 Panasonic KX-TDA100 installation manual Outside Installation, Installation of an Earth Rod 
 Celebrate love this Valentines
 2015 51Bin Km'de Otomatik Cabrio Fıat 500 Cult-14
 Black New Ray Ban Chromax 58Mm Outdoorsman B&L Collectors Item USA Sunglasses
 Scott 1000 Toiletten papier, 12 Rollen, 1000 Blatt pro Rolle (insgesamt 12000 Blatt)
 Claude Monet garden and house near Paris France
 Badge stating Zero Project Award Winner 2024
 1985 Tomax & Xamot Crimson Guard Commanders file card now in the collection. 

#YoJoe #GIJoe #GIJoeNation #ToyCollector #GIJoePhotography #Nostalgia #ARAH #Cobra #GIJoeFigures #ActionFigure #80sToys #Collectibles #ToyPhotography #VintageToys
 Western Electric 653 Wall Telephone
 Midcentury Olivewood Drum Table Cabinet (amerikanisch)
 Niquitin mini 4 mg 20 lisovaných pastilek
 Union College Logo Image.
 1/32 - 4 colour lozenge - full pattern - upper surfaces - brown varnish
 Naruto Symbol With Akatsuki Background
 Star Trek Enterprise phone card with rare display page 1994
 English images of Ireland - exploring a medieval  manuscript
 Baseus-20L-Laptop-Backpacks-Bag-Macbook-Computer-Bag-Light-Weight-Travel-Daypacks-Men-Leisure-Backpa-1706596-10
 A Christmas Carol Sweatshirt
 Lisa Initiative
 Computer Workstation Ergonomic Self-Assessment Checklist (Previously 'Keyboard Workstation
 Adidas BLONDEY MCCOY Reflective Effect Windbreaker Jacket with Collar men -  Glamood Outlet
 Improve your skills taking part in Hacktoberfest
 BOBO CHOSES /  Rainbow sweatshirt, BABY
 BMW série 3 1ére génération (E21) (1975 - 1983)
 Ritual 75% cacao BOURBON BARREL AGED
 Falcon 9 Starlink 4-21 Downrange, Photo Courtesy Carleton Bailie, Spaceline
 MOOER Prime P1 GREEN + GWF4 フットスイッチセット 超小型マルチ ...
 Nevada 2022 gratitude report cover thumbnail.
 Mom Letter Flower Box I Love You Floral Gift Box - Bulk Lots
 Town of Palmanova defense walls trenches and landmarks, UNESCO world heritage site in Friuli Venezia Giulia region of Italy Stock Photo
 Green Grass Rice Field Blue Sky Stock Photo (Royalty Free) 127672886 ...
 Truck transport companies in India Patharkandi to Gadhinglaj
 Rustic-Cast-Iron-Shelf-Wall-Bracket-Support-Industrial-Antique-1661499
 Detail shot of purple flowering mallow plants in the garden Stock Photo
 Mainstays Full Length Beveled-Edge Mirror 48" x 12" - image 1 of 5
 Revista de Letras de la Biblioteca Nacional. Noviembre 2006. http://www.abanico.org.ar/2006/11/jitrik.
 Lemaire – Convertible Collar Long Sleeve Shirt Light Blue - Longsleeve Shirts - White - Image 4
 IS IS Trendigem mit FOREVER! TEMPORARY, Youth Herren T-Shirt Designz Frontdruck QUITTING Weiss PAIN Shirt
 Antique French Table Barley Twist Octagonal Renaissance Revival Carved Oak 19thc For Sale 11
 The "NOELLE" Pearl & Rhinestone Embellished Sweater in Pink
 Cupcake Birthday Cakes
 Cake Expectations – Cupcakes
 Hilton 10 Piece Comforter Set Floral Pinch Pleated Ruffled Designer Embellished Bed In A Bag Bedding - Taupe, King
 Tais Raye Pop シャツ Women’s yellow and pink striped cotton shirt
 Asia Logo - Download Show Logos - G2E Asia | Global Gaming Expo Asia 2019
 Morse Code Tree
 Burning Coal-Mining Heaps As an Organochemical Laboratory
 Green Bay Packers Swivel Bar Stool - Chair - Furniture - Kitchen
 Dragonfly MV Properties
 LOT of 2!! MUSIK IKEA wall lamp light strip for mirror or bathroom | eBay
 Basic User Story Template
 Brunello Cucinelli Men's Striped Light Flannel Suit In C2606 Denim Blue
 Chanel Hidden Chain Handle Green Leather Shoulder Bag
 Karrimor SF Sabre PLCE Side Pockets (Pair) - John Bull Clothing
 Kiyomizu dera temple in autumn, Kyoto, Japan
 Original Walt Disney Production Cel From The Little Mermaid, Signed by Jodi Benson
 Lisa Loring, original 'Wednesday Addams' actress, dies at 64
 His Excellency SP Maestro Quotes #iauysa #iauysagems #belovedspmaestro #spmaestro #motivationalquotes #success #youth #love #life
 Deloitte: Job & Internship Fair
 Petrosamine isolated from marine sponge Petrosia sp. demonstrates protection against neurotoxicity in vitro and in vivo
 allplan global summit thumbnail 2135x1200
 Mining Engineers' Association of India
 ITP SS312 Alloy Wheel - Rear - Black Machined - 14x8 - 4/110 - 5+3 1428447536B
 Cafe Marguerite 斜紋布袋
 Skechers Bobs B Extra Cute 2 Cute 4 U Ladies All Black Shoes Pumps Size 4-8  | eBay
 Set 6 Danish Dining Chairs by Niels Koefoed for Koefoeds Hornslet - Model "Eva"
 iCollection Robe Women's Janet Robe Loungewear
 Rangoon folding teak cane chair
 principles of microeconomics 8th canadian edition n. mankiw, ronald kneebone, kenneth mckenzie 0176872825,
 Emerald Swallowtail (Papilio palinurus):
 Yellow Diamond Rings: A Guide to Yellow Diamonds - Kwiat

● GOAL OF THE EXERCISE:
All lines of the records containing "Blue" should be shown.

● RESPONSE AREA:
 Green Grass Rice Field Blue Sky Stock Photo (Royalty Free) 127672886 ...
 Lemaire – Convertible Collar Long Sleeve Shirt Light Blue - Longsleeve Shirts - White - Image 4
 Brunello Cucinelli Men's Striped Light Flannel Suit In C2606 Denim Blue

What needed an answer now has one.